One of the two best highlights of the film included a series of interview clips purportedly with real people who recount memories of the years when the ecological disaster was just beginning. The accounts of these older people are strongly reminiscent of The Dust Bowl, Ken Burns 2012 documentary series that was based on interviews with men and women who survived the Dust Bowl in the American Mid-West in the 1930s. The clips appear to have been either lifted from  or at least were closely modelled after the eyewitness accounts in the PBS project.  The other one was the well-imagined robots that accompany the space travelers, which combined some innovative thinking about robotic design with some sassy repartee.

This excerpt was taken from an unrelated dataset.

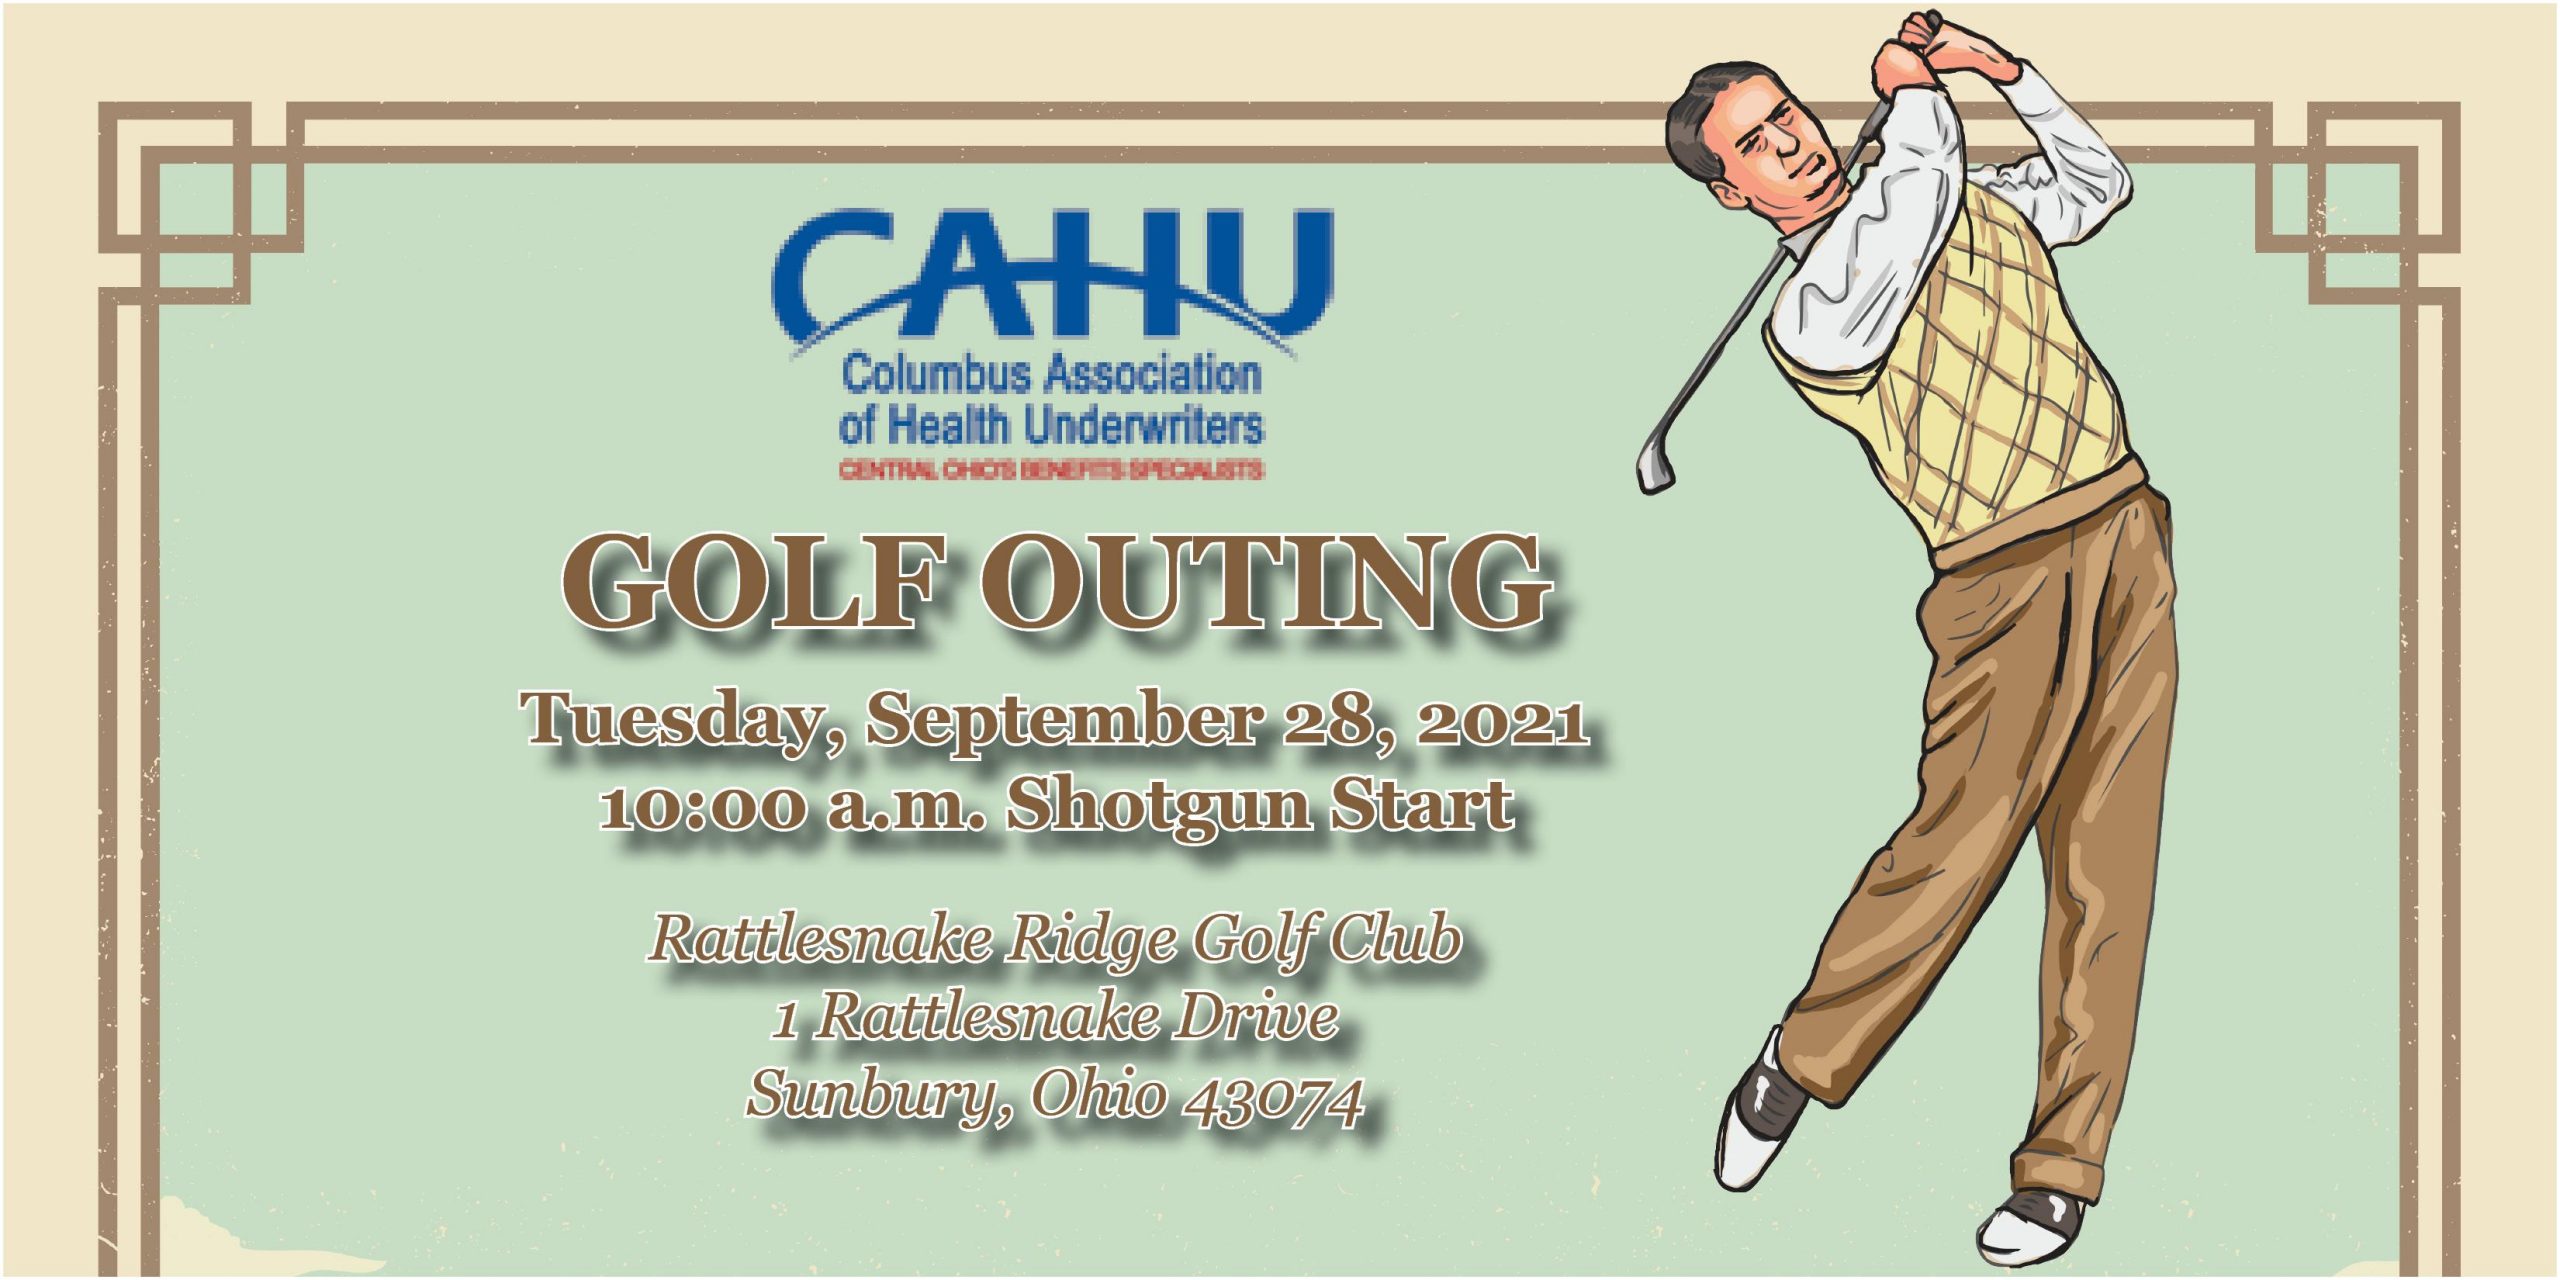 CAHU Golf Outing

On the other hand, the sound editor on this turkey needs to be admonished for a lackluster sound track in which many of the lines are so garbled as to be unintelligible, a condition exacerbated by a theater full of paper bag rattling,  popcorn chomping patrons whose arteries were audibly hardening as they watched this turkey unfold. The special effects people also mailed in their work, much of which looked like it was left over from Inception, another Nolan mind twister.

There’s only one really good reason to see this film: Jessica Chastain, but you can see more of her in her Oscar-nominated performance in Zero Dark Thirty, now available on a cable channel near you.  The final verdict:  if you really want to see Interstellar, wait until it comes out on HBO.  Not worth the ticket price.